A week of turmoiling up and down in rates and stocks… for not very much…

On the day we saw the same old pattern of gap up open, then weakness… but this time the latter half of the day saw buying, not selling…

 

The Dow and Small Caps managed to creep back into the green for the week as Nasdaq melted up to Wednesday’s highs this afternoon (as bond yields tumbled)…

 

The Dow bounced back into its 50-61.8% retracement zone. S&P managed to get back above (and close above) its 50DMA…

 

Credit markets had a notably weak week, diverging dramatically from equity risk…

 

Treasury yields were mixed on the week with the belly outperforming (and lower) while 2Y and 30Y were both higher…

 

With the 2s10s curve flatter for the 2nd week in a row…

 

10Y Yields were up 7 weeks in a row ahead of this week but the 10Y closed below last Friday’s close of 2.8749% breaking the losing streak…

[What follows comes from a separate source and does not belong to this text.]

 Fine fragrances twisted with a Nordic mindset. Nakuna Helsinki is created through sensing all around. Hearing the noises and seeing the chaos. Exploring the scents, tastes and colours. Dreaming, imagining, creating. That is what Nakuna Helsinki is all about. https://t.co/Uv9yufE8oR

As Bloomberg notes, That’s quite an unusual situation. The last time it happened was in May 2008, and before that it was May 2004. An eight-week streak of higher yields would have been the longest since a nine-week surge ending on April 1, 1994. Here’s the S&P 500 during those nine weeks:

But we note that US stocks are now their ‘most expensive’ relative to bonds since 2008…

 

The Dollar Index limped lower for the second day (coincidentally since China has returned from its new year festivities, banned VIX, and bailed out Anbang)…but ended higher on the week (3rd weekly gain of the last 4 weeks)

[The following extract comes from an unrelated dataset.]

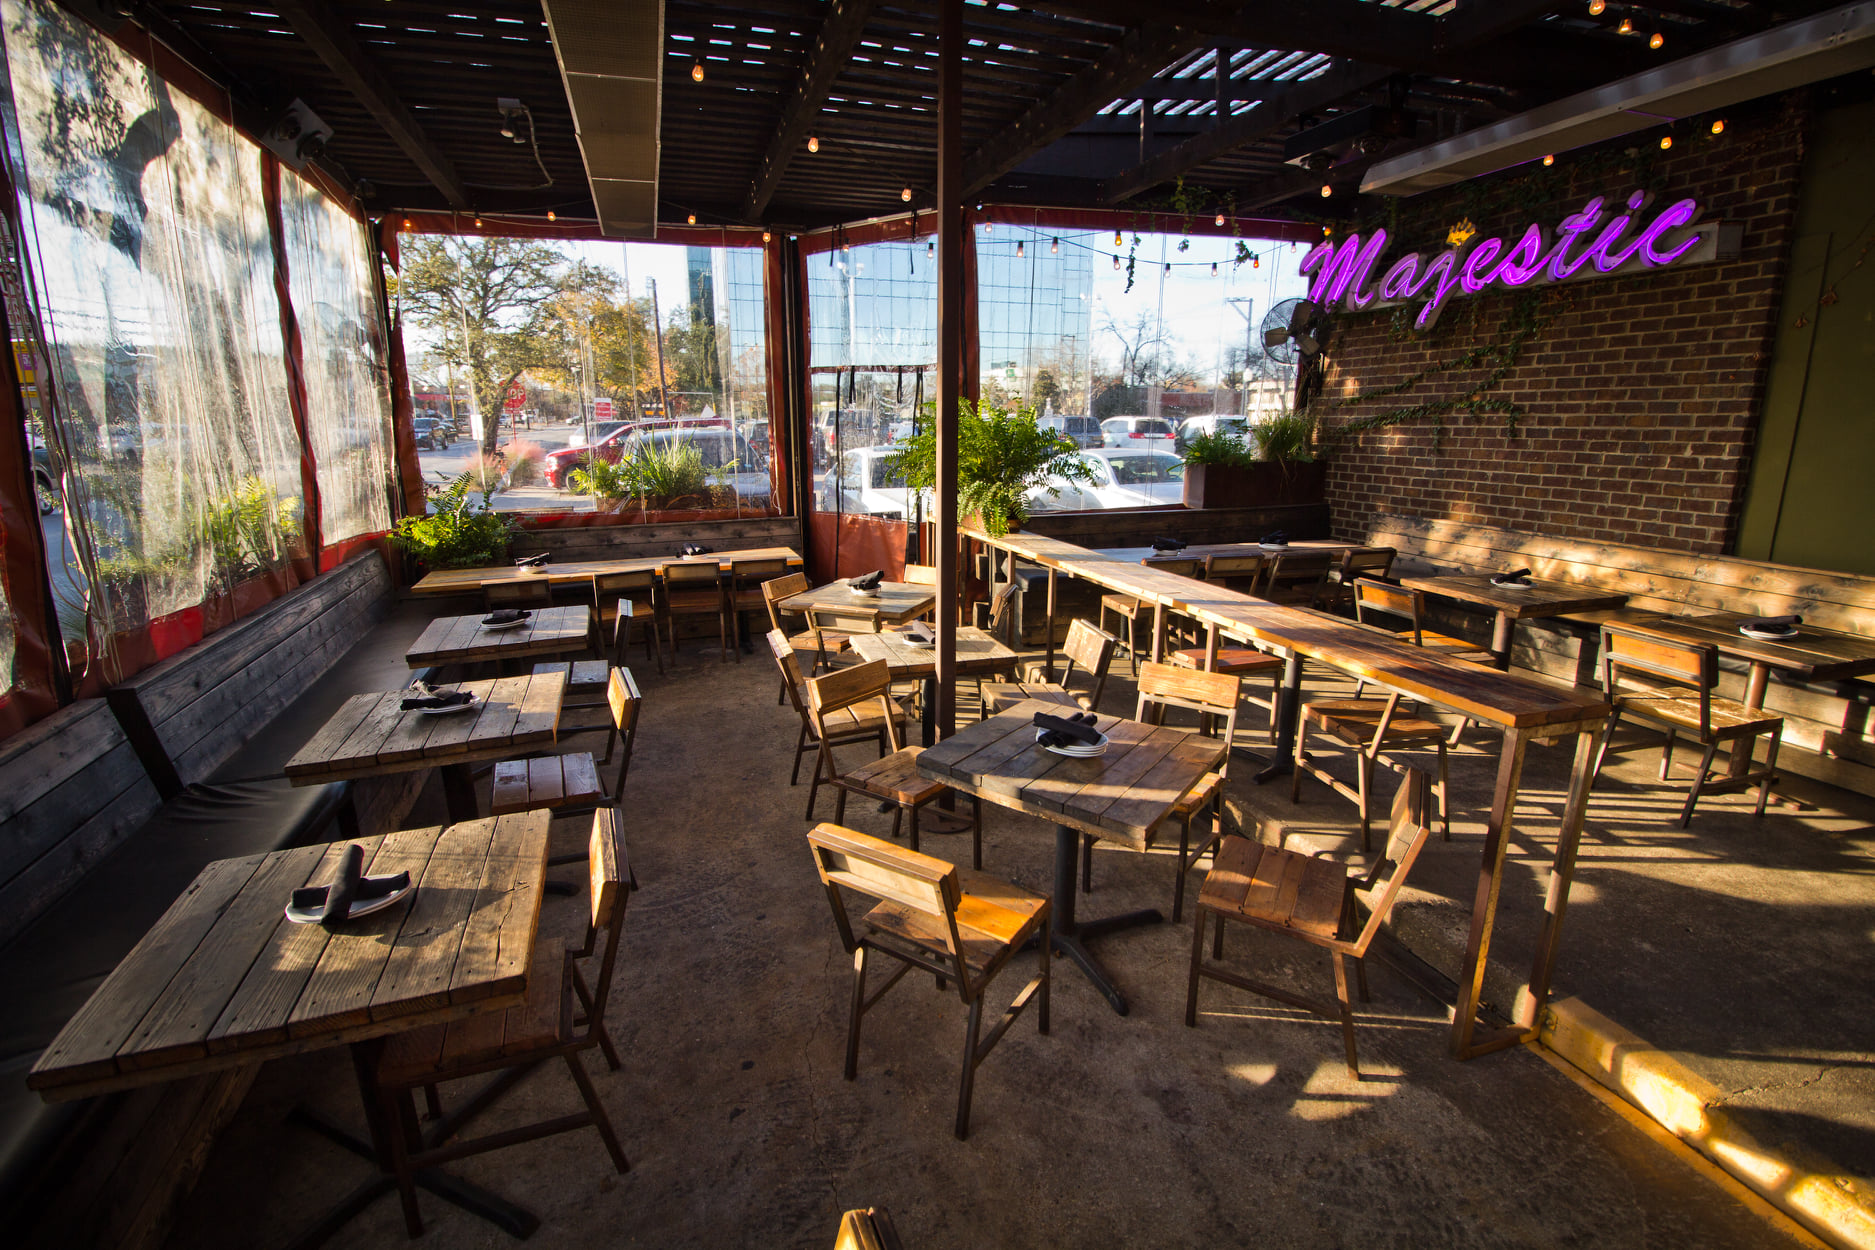 A shaded outdoor patio is furnished with wooden tables. In the background, a pink neon sign reads, “Majestic.”

NOTE how tight the range has been in the last 36 hours.

 

WTI bounced for the 2nd week in a row but dollar strength hit cooper and PMs…

 

NOTE that WTI/RBOB are back at somewhat key technical levels right before the XIV-driven collapse…

 

Bitcoin bounced back above $10,000 today – back to unchanged for February – but is marginally lower on the week (as the rest of the crypto space got hammered)…

 

Nasdaq and Bitcoin recoupled earlier today but this afternoon saw stocks higher and crypto slipped lower…

Is Bitcoin the leading indicator for The Dow?

 

Finally, You Are (Still) Here…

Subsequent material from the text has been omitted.